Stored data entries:
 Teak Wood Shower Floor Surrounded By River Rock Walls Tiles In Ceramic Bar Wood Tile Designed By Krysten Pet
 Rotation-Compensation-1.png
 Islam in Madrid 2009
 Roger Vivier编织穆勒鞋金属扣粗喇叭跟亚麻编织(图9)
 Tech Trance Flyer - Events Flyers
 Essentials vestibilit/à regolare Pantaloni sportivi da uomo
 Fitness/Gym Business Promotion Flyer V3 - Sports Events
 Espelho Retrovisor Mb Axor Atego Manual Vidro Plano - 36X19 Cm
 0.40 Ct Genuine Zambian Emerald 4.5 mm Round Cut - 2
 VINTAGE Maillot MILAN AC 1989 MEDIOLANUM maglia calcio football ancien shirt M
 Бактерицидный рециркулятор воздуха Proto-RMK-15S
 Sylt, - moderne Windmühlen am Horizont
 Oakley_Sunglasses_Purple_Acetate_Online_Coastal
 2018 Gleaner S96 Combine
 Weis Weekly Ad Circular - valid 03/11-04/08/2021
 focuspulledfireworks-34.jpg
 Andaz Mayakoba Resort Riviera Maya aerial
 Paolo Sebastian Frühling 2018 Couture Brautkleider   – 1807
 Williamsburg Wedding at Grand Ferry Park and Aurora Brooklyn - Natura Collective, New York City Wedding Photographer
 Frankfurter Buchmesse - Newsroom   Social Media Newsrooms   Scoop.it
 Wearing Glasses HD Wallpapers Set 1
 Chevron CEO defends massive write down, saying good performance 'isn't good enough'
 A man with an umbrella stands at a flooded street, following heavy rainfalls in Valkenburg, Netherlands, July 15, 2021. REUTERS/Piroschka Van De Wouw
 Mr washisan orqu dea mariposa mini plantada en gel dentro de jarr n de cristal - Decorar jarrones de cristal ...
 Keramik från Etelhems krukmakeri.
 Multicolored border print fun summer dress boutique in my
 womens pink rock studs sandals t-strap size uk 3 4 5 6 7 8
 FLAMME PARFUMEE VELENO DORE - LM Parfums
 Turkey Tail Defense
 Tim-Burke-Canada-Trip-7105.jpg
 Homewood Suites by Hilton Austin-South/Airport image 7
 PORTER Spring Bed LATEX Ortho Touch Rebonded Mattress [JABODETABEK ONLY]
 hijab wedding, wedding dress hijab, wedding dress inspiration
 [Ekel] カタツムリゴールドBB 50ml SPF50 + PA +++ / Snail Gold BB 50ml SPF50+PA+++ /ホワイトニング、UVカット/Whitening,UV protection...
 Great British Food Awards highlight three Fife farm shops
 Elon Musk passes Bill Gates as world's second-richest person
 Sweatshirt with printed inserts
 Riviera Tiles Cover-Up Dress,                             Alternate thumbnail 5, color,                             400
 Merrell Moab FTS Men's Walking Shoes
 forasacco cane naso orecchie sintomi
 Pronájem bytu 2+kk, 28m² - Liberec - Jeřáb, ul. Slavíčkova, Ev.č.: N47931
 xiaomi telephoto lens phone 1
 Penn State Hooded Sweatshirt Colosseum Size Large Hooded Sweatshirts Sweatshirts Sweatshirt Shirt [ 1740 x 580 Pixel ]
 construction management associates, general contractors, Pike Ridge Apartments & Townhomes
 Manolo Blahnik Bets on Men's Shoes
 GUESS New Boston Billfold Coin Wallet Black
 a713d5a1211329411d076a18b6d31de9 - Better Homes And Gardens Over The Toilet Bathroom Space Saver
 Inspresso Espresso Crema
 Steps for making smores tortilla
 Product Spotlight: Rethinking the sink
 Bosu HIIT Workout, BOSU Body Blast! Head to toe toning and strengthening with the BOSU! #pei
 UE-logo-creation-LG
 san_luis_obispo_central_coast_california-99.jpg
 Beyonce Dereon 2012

TASK TO COMPLETE: Give again, exactly, every line from the one holding "hijab wedding, wedding" to the last line of the data.

FINISHED EXERCISE:
 hijab wedding, wedding dress hijab, wedding dress inspiration
 [Ekel] カタツムリゴールドBB 50ml SPF50 + PA +++ / Snail Gold BB 50ml SPF50+PA+++ /ホワイトニング、UVカット/Whitening,UV protection...
 Great British Food Awards highlight three Fife farm shops
 Elon Musk passes Bill Gates as world's second-richest person
 Sweatshirt with printed inserts
 Riviera Tiles Cover-Up Dress,                             Alternate thumbnail 5, color,                             400
 Merrell Moab FTS Men's Walking Shoes
 forasacco cane naso orecchie sintomi
 Pronájem bytu 2+kk, 28m² - Liberec - Jeřáb, ul. Slavíčkova, Ev.č.: N47931
 xiaomi telephoto lens phone 1
 Penn State Hooded Sweatshirt Colosseum Size Large Hooded Sweatshirts Sweatshirts Sweatshirt Shirt [ 1740 x 580 Pixel ]
 construction management associates, general contractors, Pike Ridge Apartments & Townhomes
 Manolo Blahnik Bets on Men's Shoes
 GUESS New Boston Billfold Coin Wallet Black
 a713d5a1211329411d076a18b6d31de9 - Better Homes And Gardens Over The Toilet Bathroom Space Saver
 Inspresso Espresso Crema
 Steps for making smores tortilla
 Product Spotlight: Rethinking the sink
 Bosu HIIT Workout, BOSU Body Blast! Head to toe toning and strengthening with the BOSU! #pei
 UE-logo-creation-LG
 san_luis_obispo_central_coast_california-99.jpg
 Beyonce Dereon 2012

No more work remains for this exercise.